• **Exercise description**
Give back the data exactly, with no images.

• **Stored data**
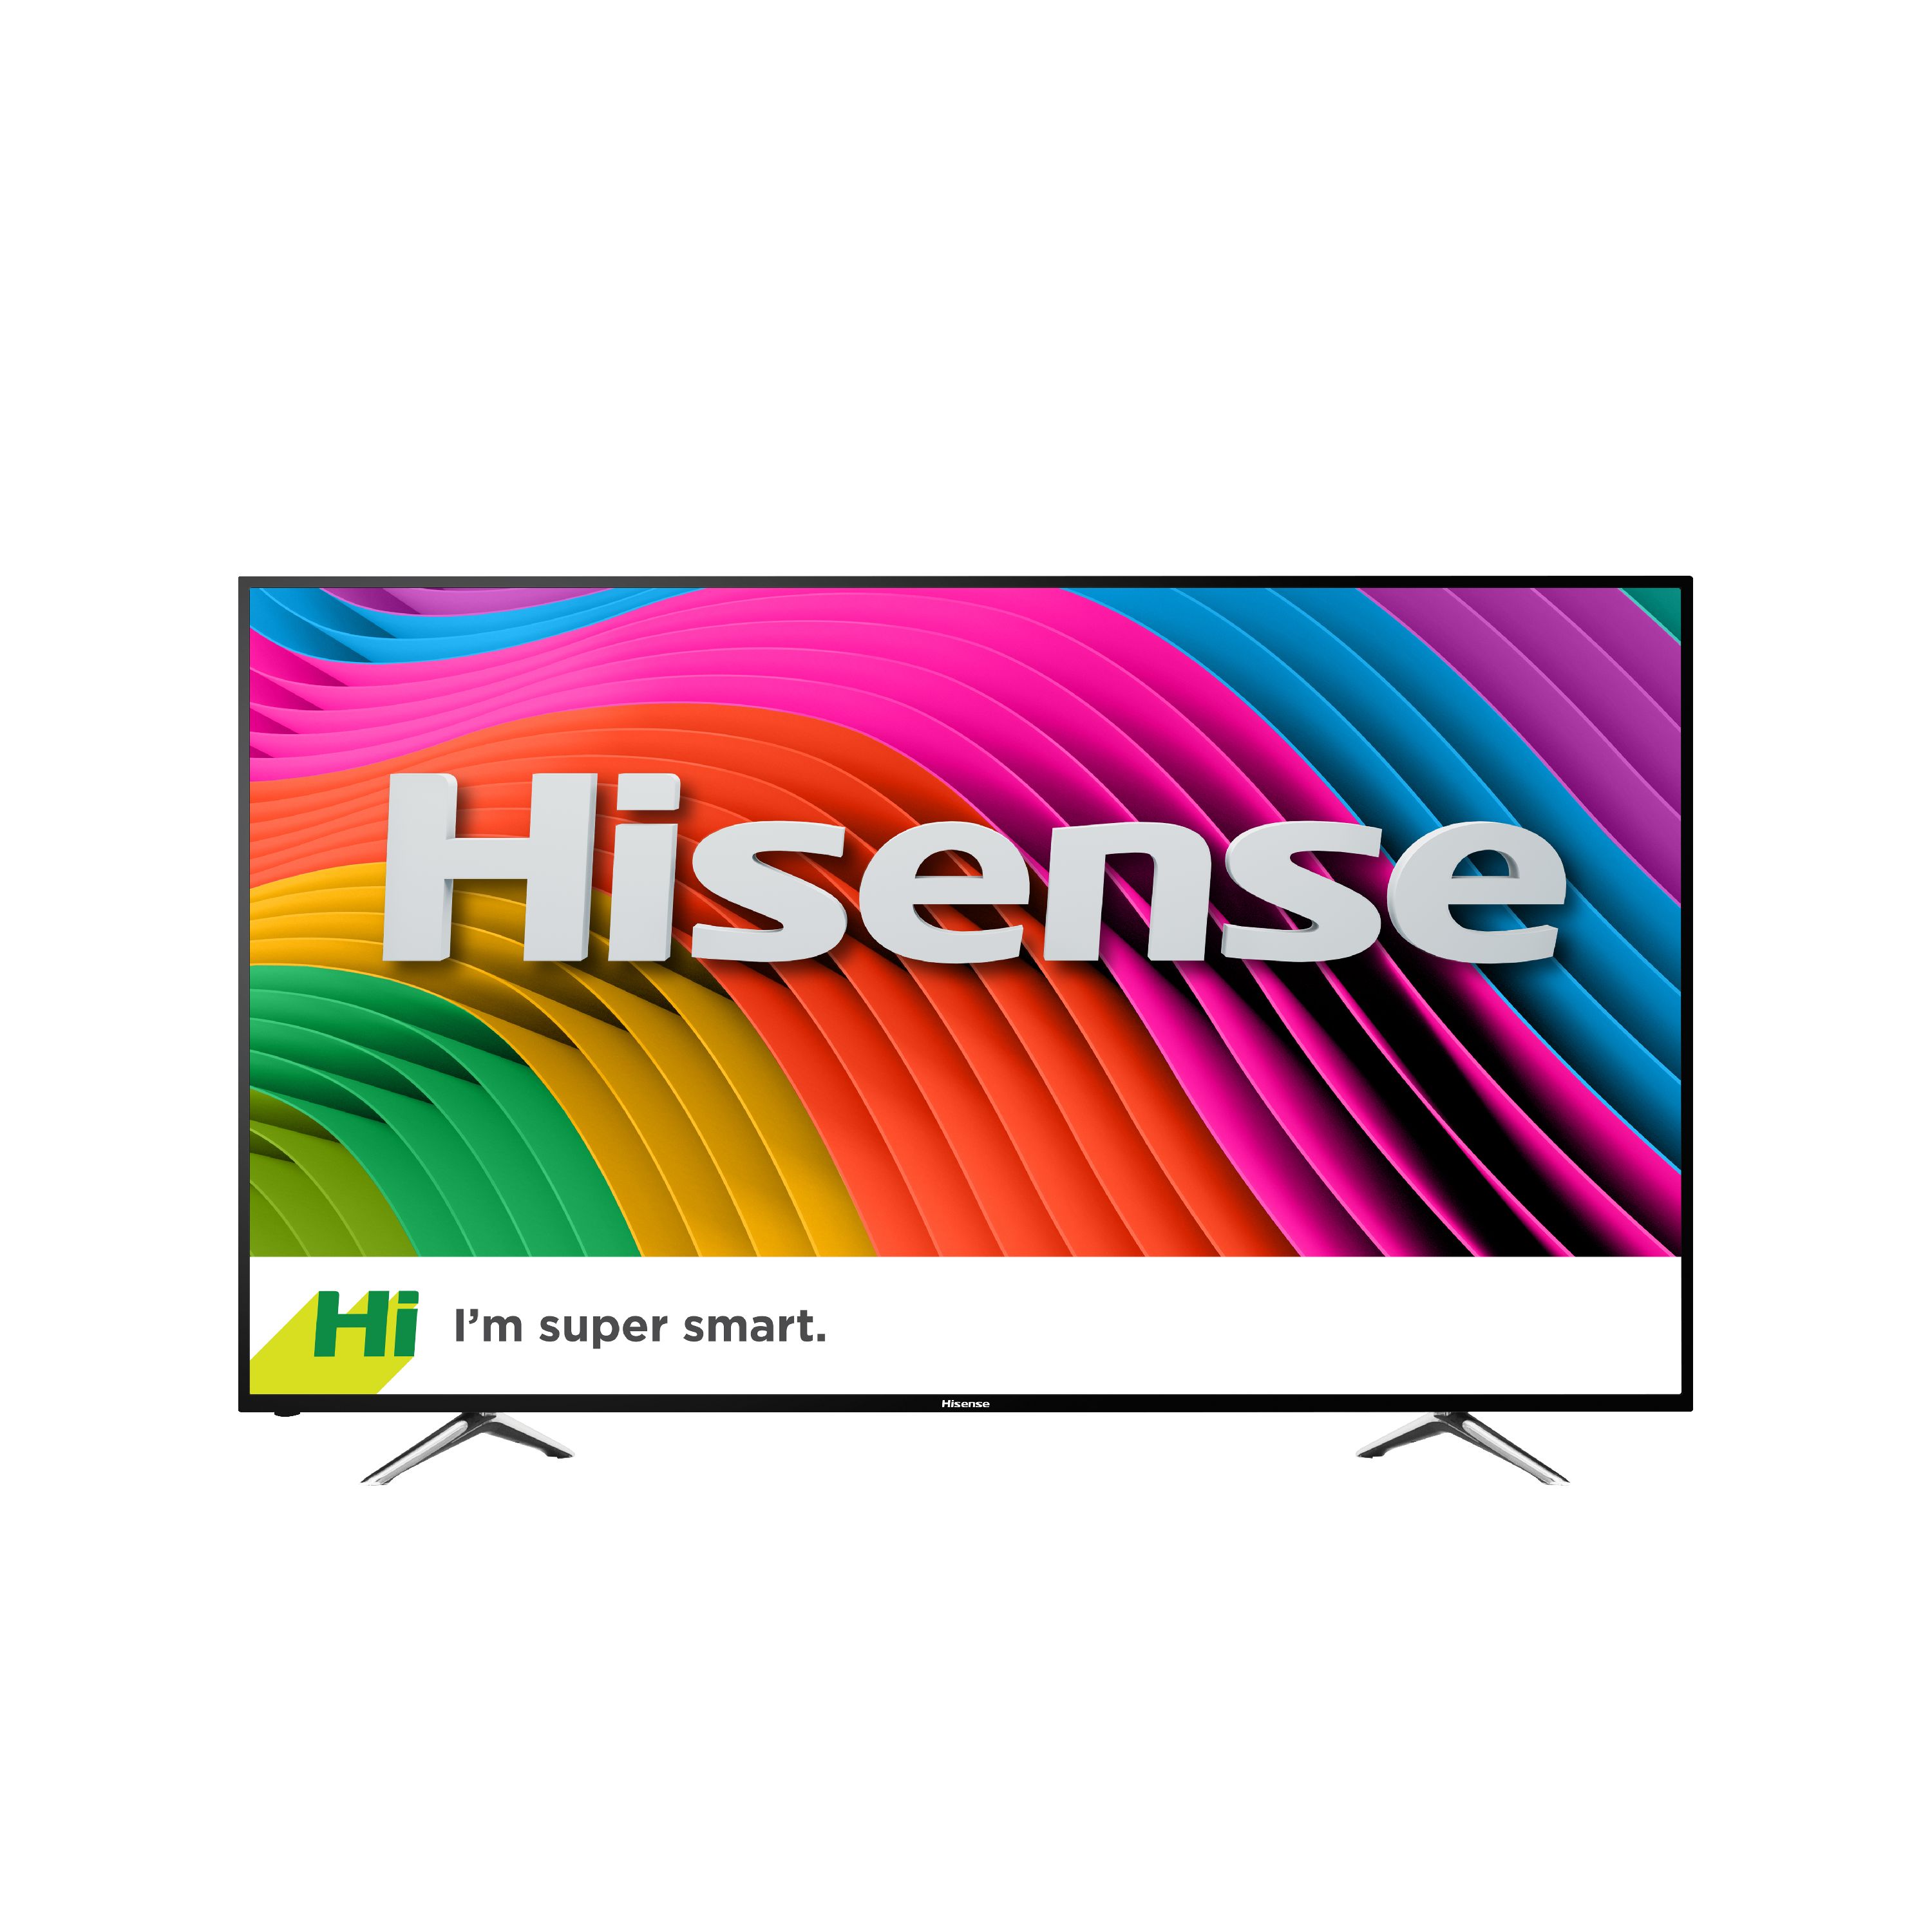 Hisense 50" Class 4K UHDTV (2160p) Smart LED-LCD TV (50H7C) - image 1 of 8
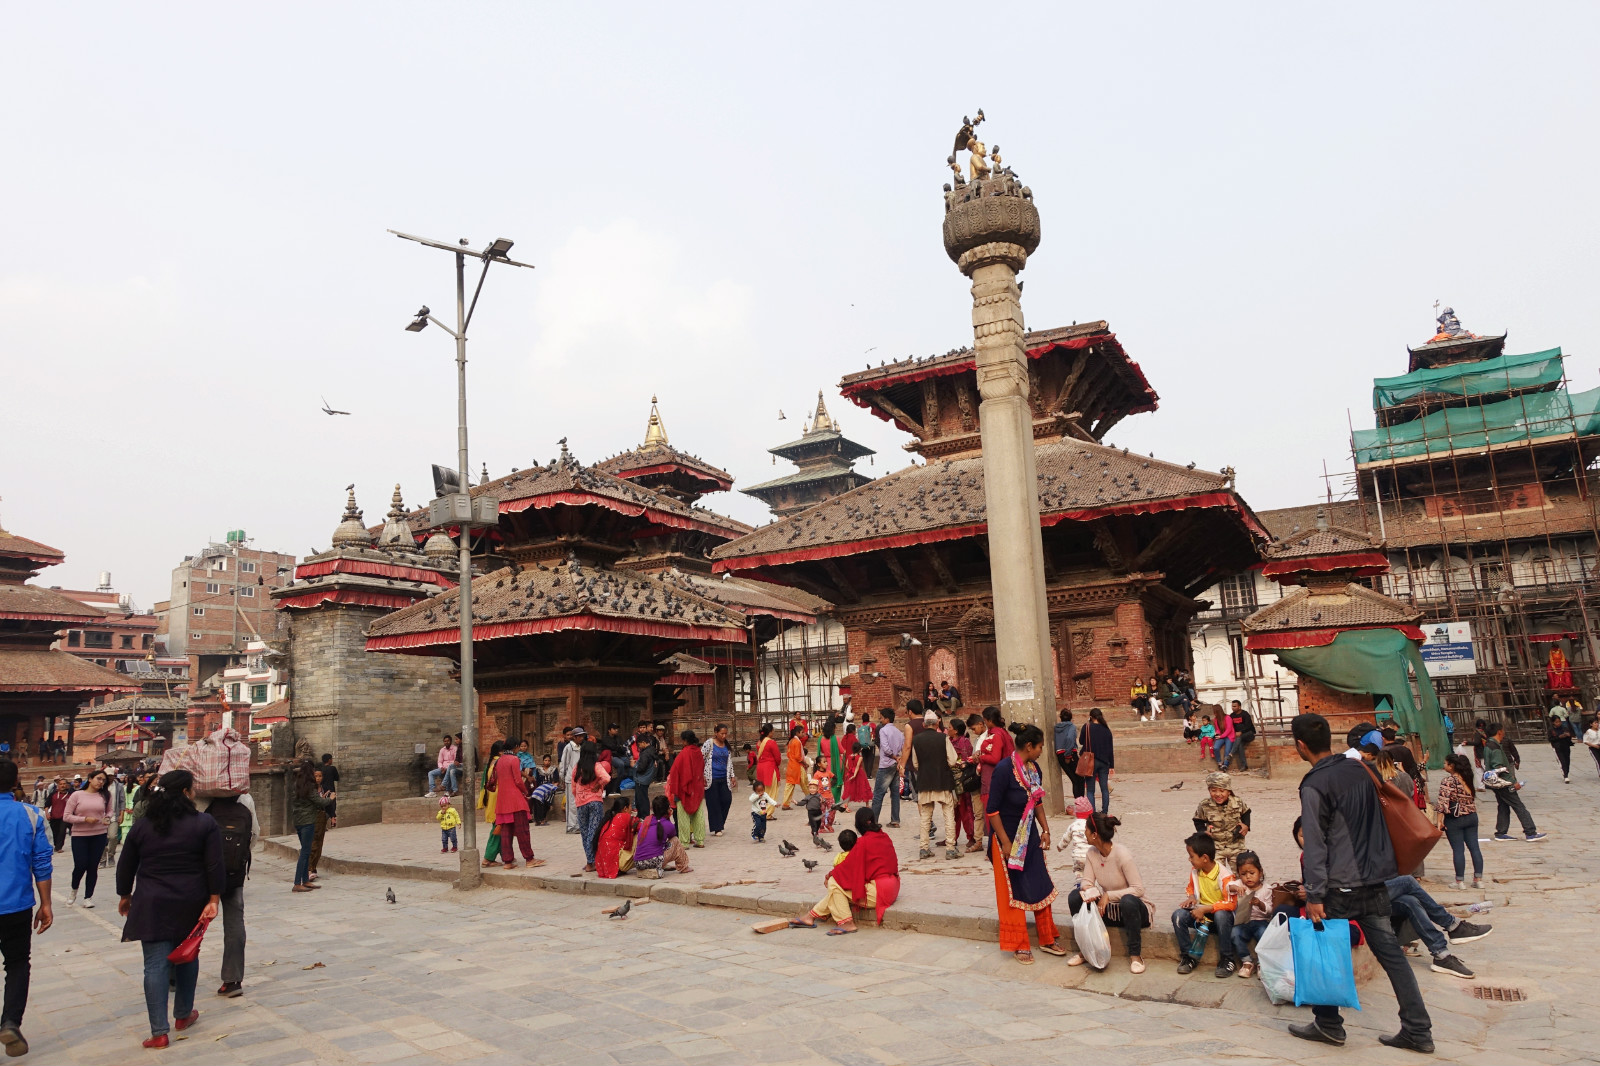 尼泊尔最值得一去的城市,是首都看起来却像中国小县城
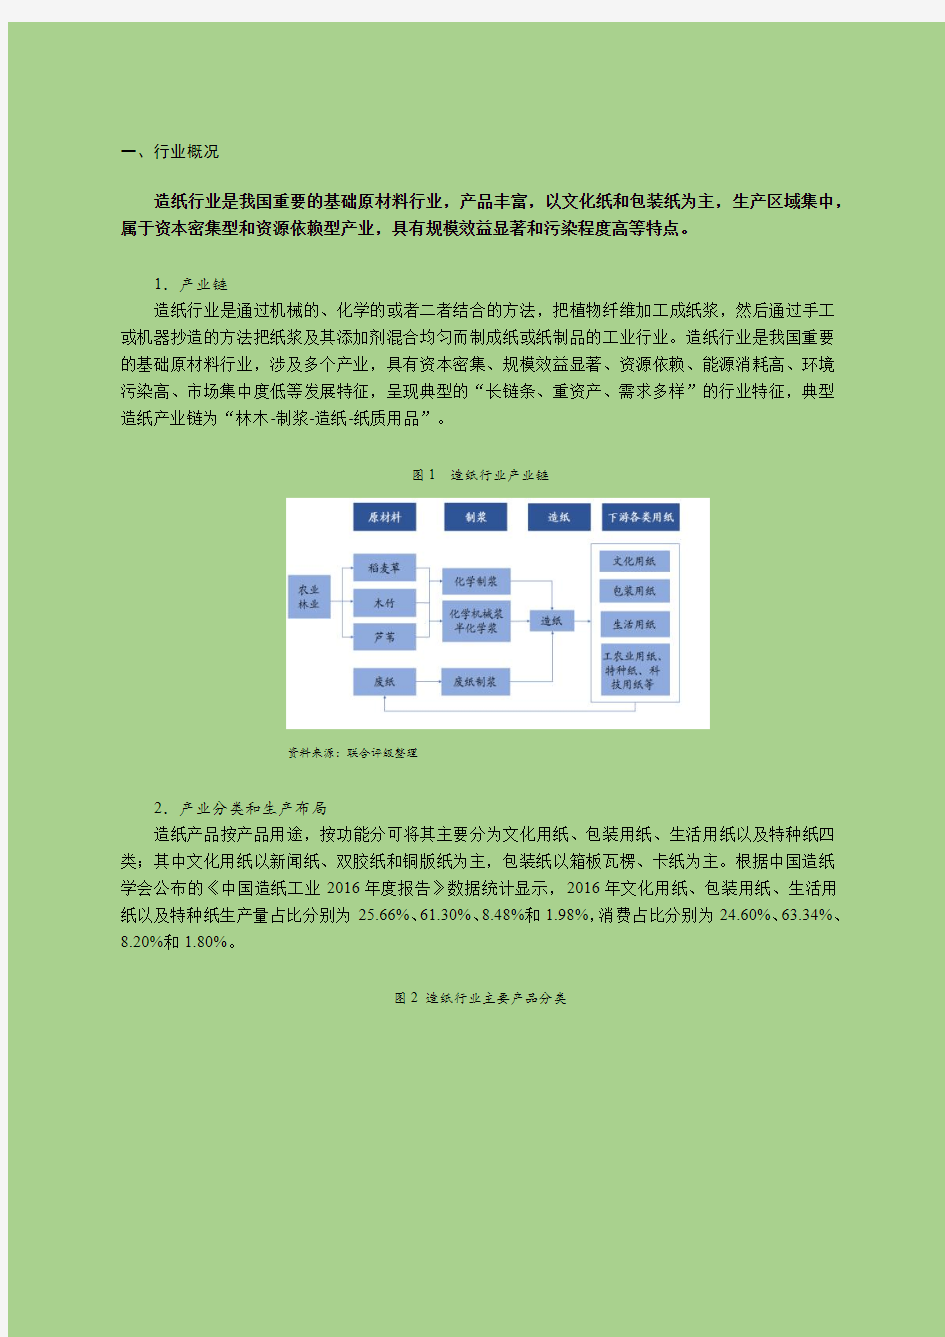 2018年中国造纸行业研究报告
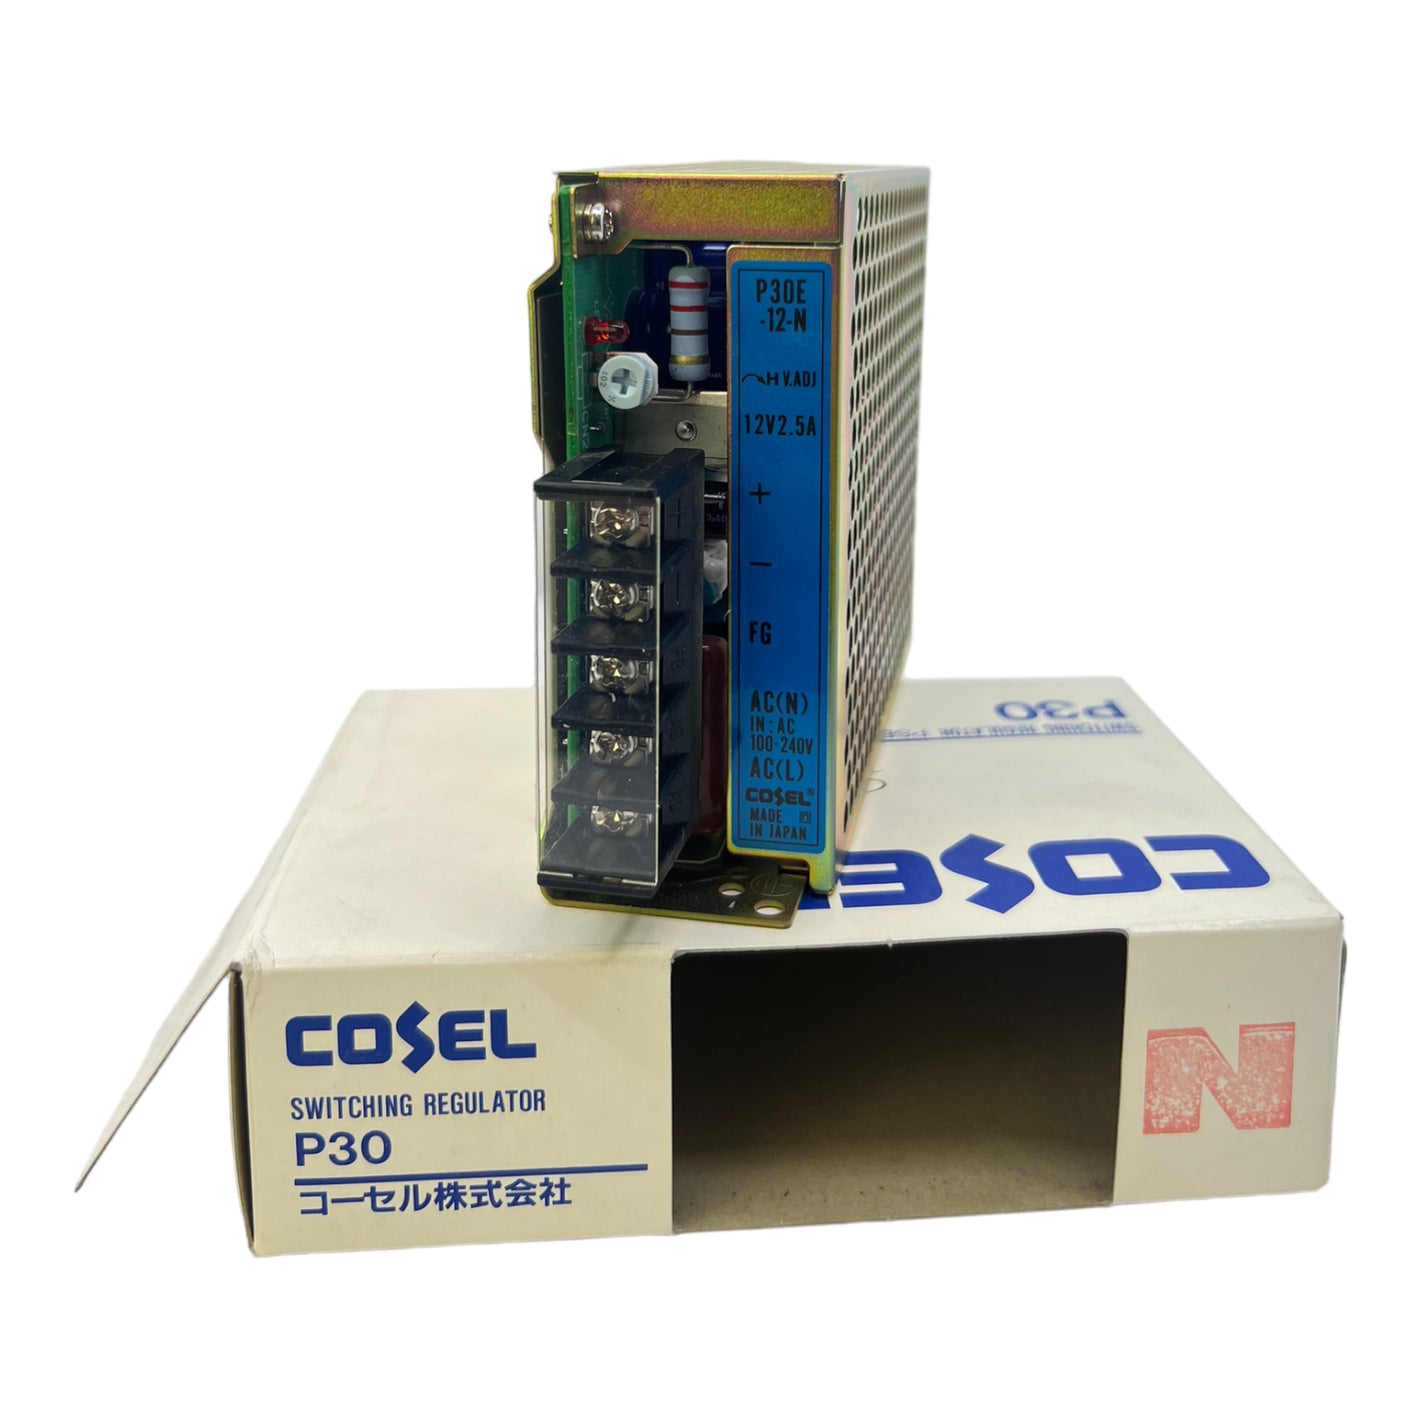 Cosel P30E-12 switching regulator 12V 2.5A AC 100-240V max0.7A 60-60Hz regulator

• **Reply**
 Hisense 50" Class 4K UHDTV (2160p) Smart LED-LCD TV (50H7C) - image 1 of 8
 尼泊尔最值得一去的城市,是首都看起来却像中国小县城
 2018年中国造纸行业研究报告
 Cosel P30E-12 switching regulator 12V 2.5A AC 100-240V max0.7A 60-60Hz regulator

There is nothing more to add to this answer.